Abstract
Connected and Automated Vehicles (CAVs) can substantially improve traffic efficiency, safety, and energy sustainability through cooperative platooning. However, under early deployment conditions with low market penetration rates (MPRs), the benefits of platooning are significantly constrained by heterogeneous human driving behavior, partial vehicle connectivity, and limited coordination strategies in mixed traffic. This dissertation addresses these challenges through a comprehensive framework that integrates human-like behavioral modeling, connectivity-enabled vehicle identification, cooperative control, and multi-agent decision-making, validated through high-fidelity simulation and field experiments.
To improve the realism of mixed-traffic modeling, a human-like extension of the Intelligent Driver Model is developed. By incorporating stochastic and adaptive headway dynamics calibrated from real-world trajectory data, the proposed model captures heterogeneous driver behavior more accurately than conventional fixed-parameter models. Results show reductions of approximately 14–22% in speed and acceleration errors compared with standard IDM formulations, providing a more reliable foundation for evaluating cooperative platooning strategies.
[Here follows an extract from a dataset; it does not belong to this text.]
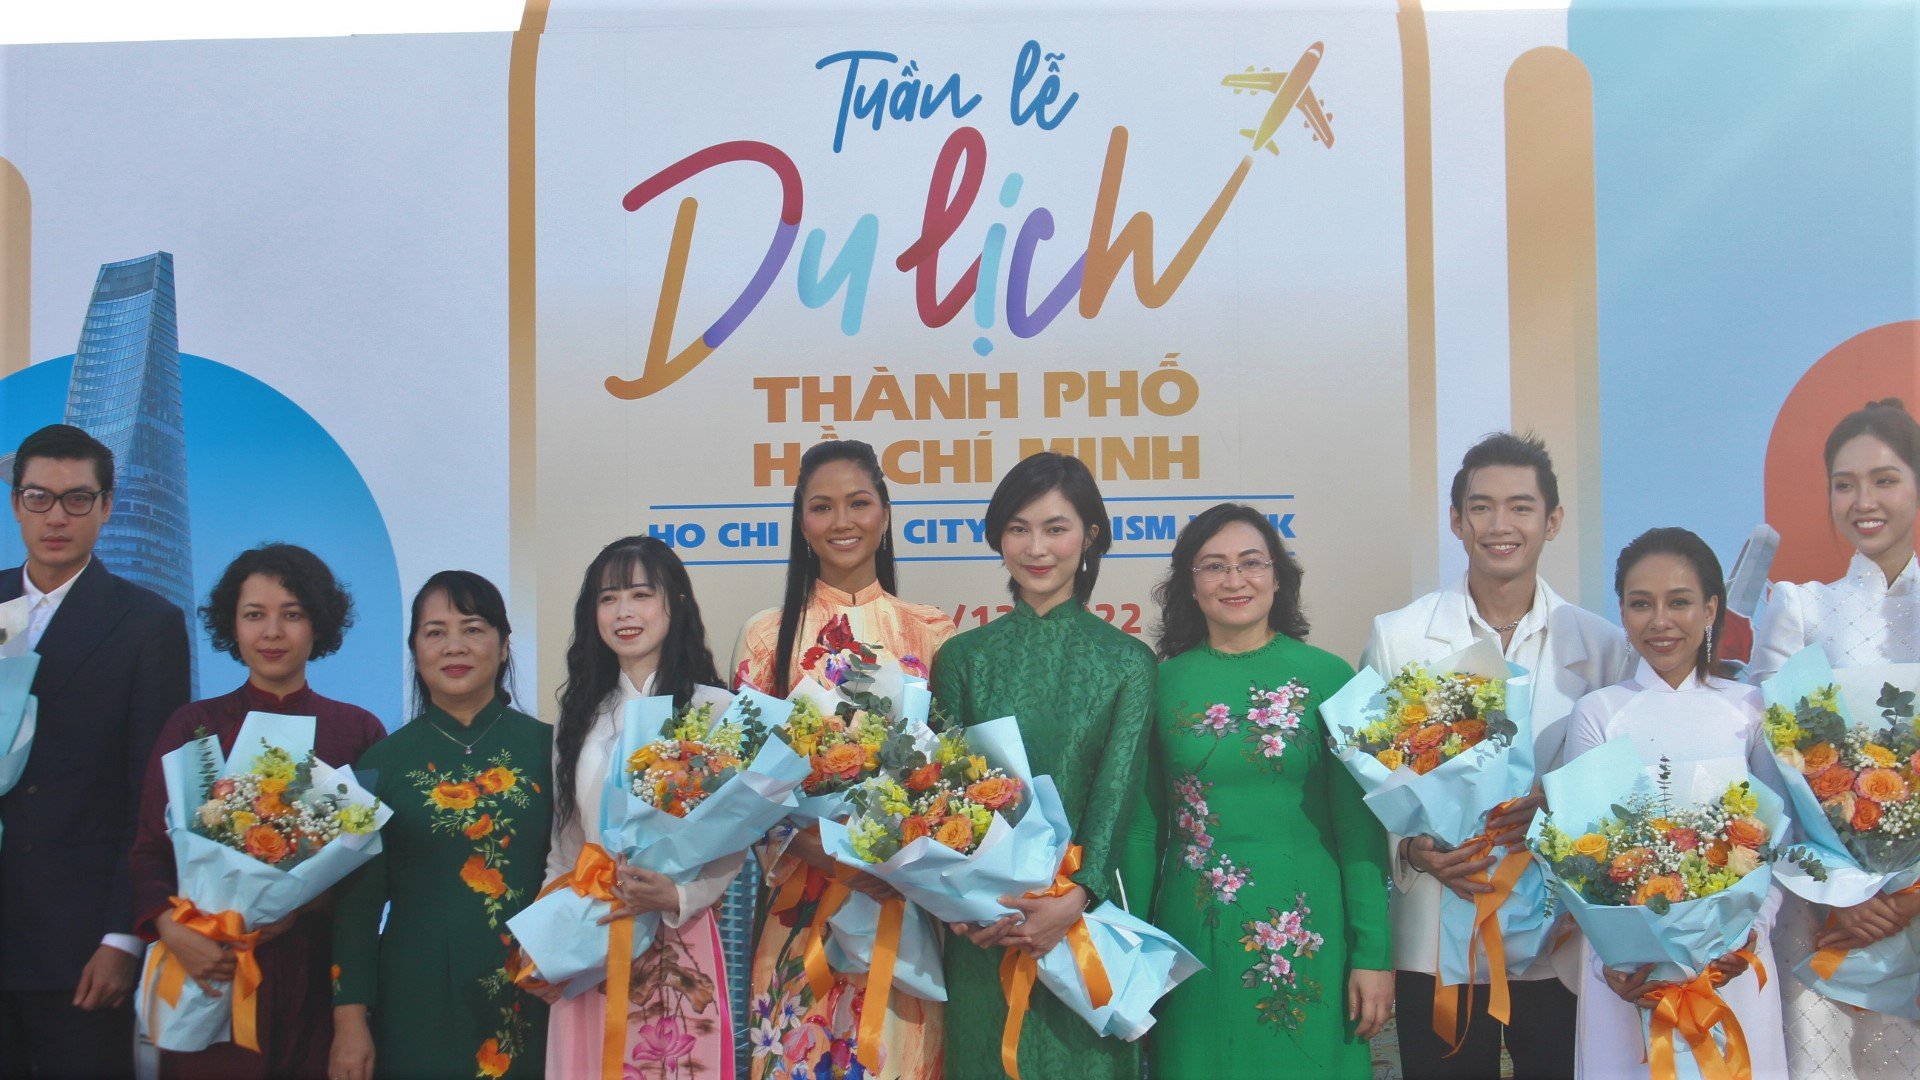 Hoa hau HHen Nie bien dao mua Quang Dang ca si Thao Trang. la 3 trong so 22 guong mat dai su cua Tuan le du lich TP.HCM nam 2022.jpg

To address partial connectivity challenges, a Connected Vehicle Identification System (CVIS) is developed by integrating onboard sensing with vehicle-to-everything (V2X) communication. The proposed system identifies both immediate and upstream connected vehicles beyond line-of-sight limitations, enabling robust cooperative partner detection in partially connected traffic streams. Field experiments using a hardware prototype demonstrate near-perfect identification accuracy under realistic sensing and communication conditions.
For urban arterial environments with signalized intersections and frequent stop-and-go traffic, connectivity-aware cooperative longitudinal control strategies are developed. Linear feedback and Model Predictive Control (MPC) approaches, combined with signal phase and timing (SPaT)-based speed trajectory optimization, significantly improve traffic flow stability. Experimental and simulation results indicate reductions of up to 55% in spacing error, approximately 11% in acceleration variability, and about 13% in fuel consumption, while effectively mitigating stop-and-go oscillations.
For highway scenarios with low CAV penetration, cooperative lane-change decision-making is developed to facilitate platoon formation. A CNN-QMIX multi-agent reinforcement learning framework enables coordinated decisions among multiple CAVs under dynamic traffic conditions. Compared with rule-based approaches such as MOBIL and greedy strategies, the proposed method increases platoon formation rates by approximately 10%, while improving average traffic speed and energy efficiency across varying MPR levels.
Comprehensive evaluations across multiple traffic scenarios and penetration levels demonstrate that the proposed integrated framework significantly enhances system-level performance by improving traffic efficiency, reducing energy consumption, and stabilizing traffic flow. By integrating behavioral realism, connectivity-aware perception, control optimization, and multi-agent learning, this dissertation provides a scalable pathway toward real-world deployment of cooperative automated driving systems.